Find, in the records below, the line that contains "La-Z-Boy - Calix" and the line that contains "Henri Matisse, Large". Copy those two lines and everything between them exactly, but not the pictures.

▶ Supplied material:
────────────────────

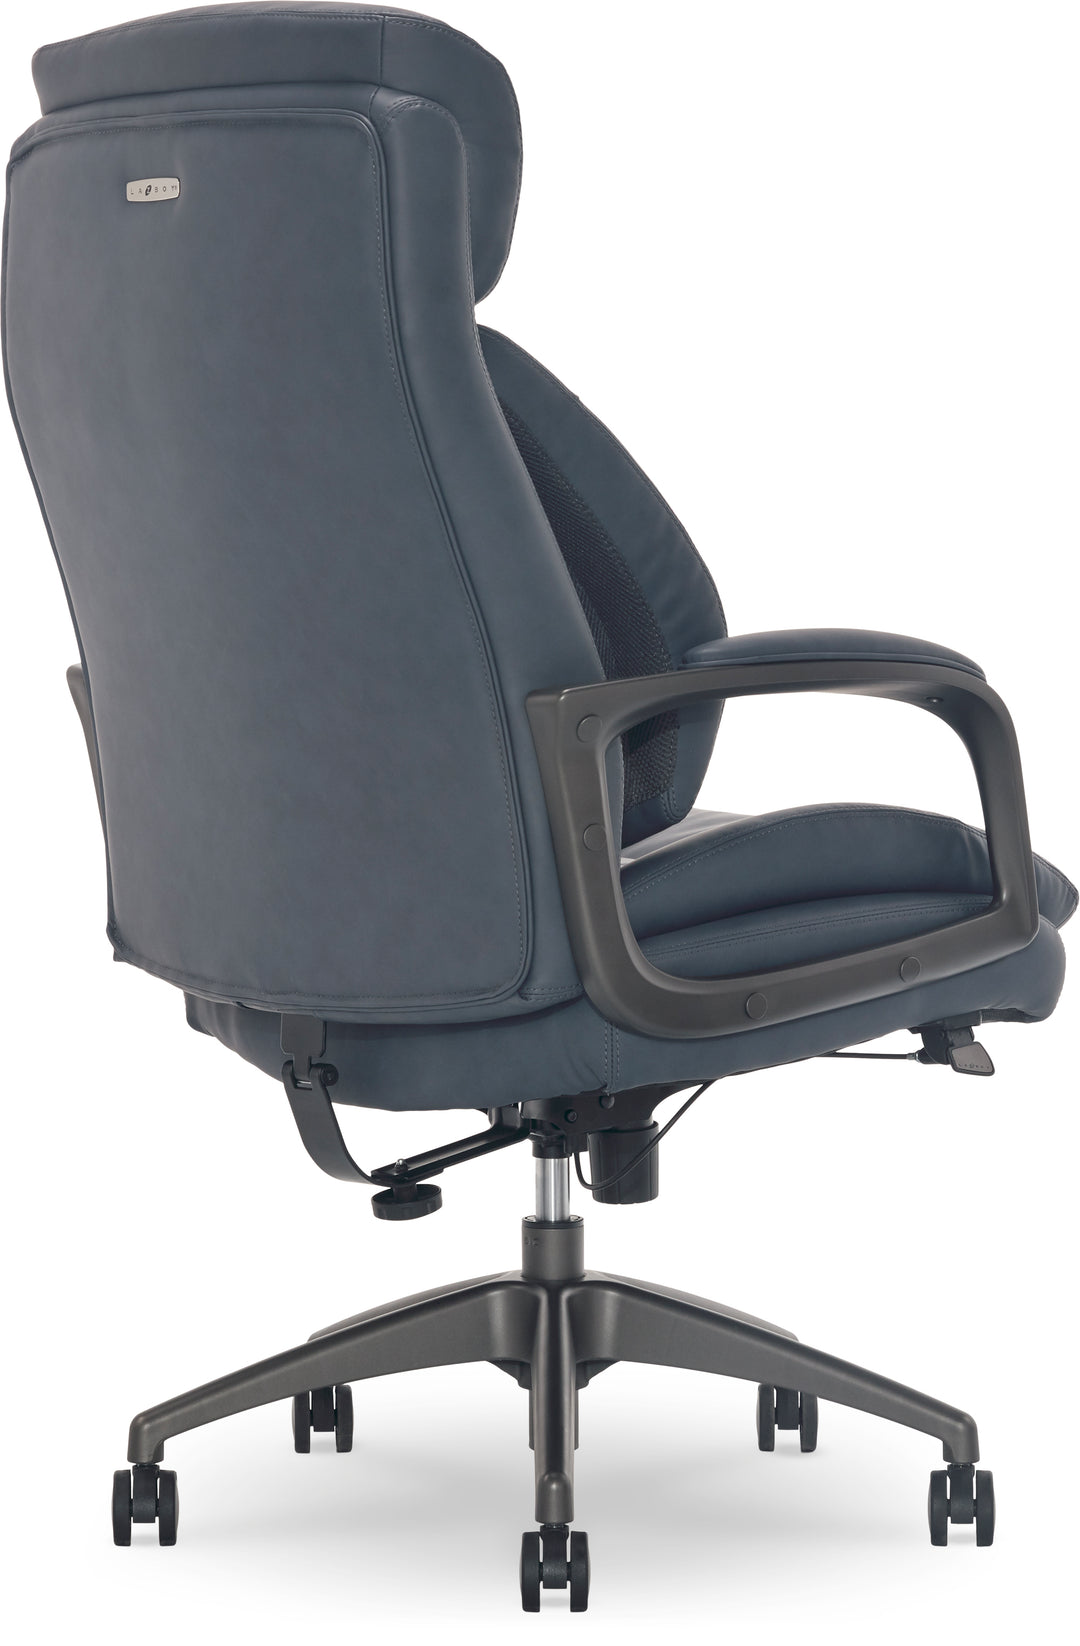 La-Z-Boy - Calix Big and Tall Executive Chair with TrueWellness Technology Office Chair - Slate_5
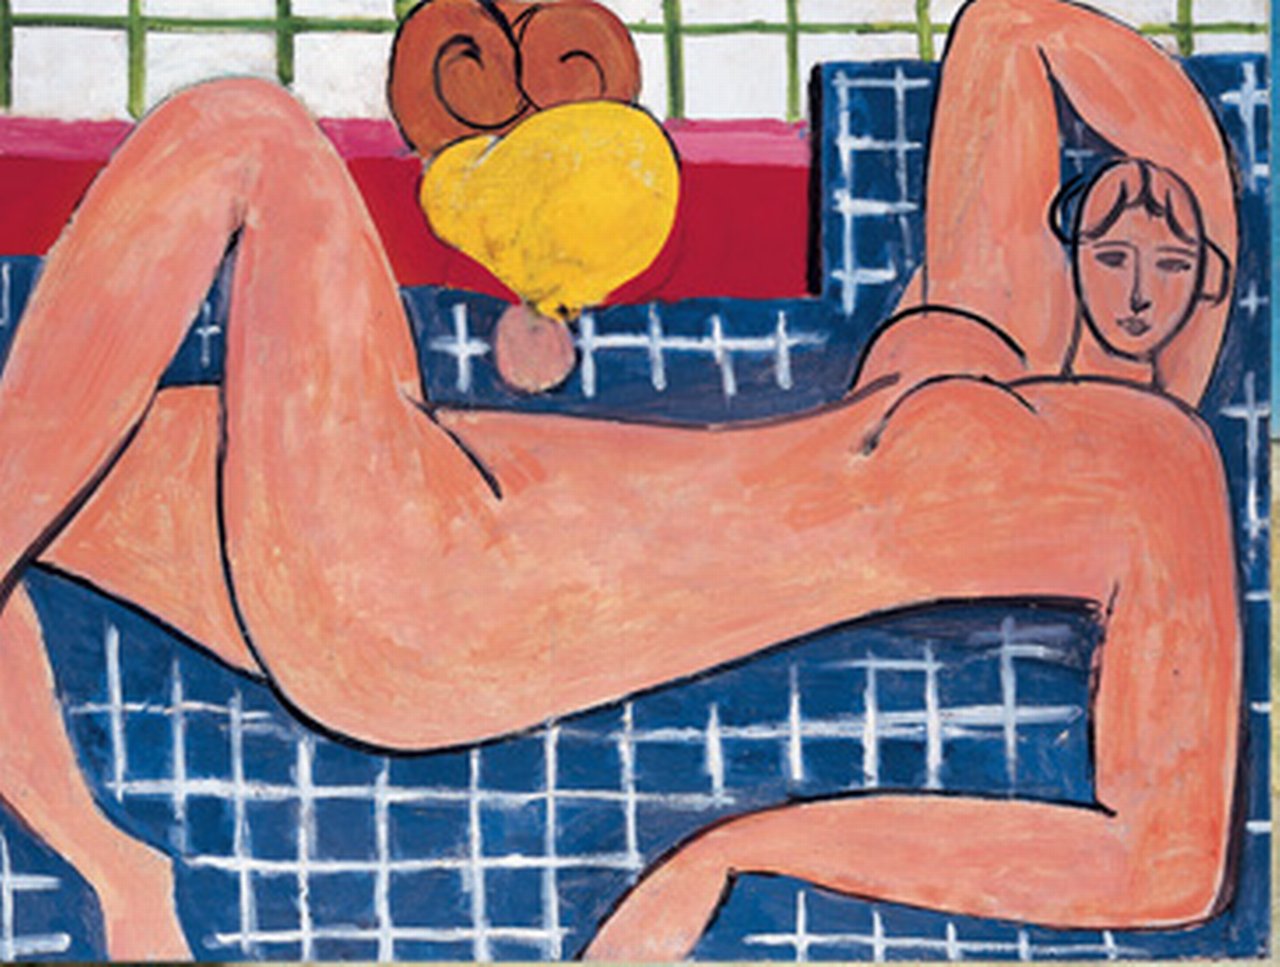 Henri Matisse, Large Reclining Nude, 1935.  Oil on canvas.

────────────────────

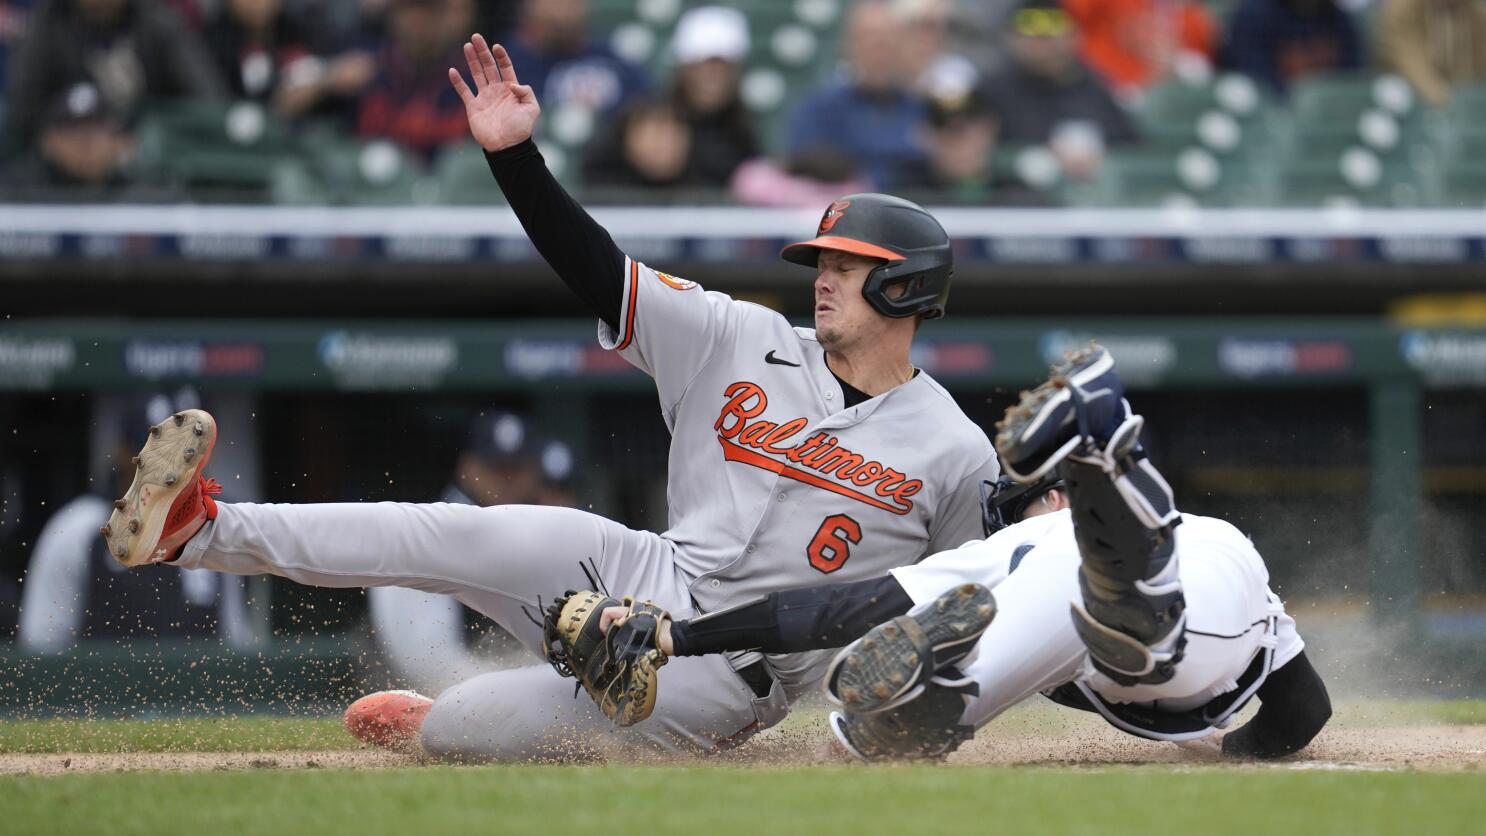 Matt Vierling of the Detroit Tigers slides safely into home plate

────────────────────

▶ Expected answer:
 La-Z-Boy - Calix Big and Tall Executive Chair with TrueWellness Technology Office Chair - Slate_5
 Henri Matisse, Large Reclining Nude, 1935.  Oil on canvas.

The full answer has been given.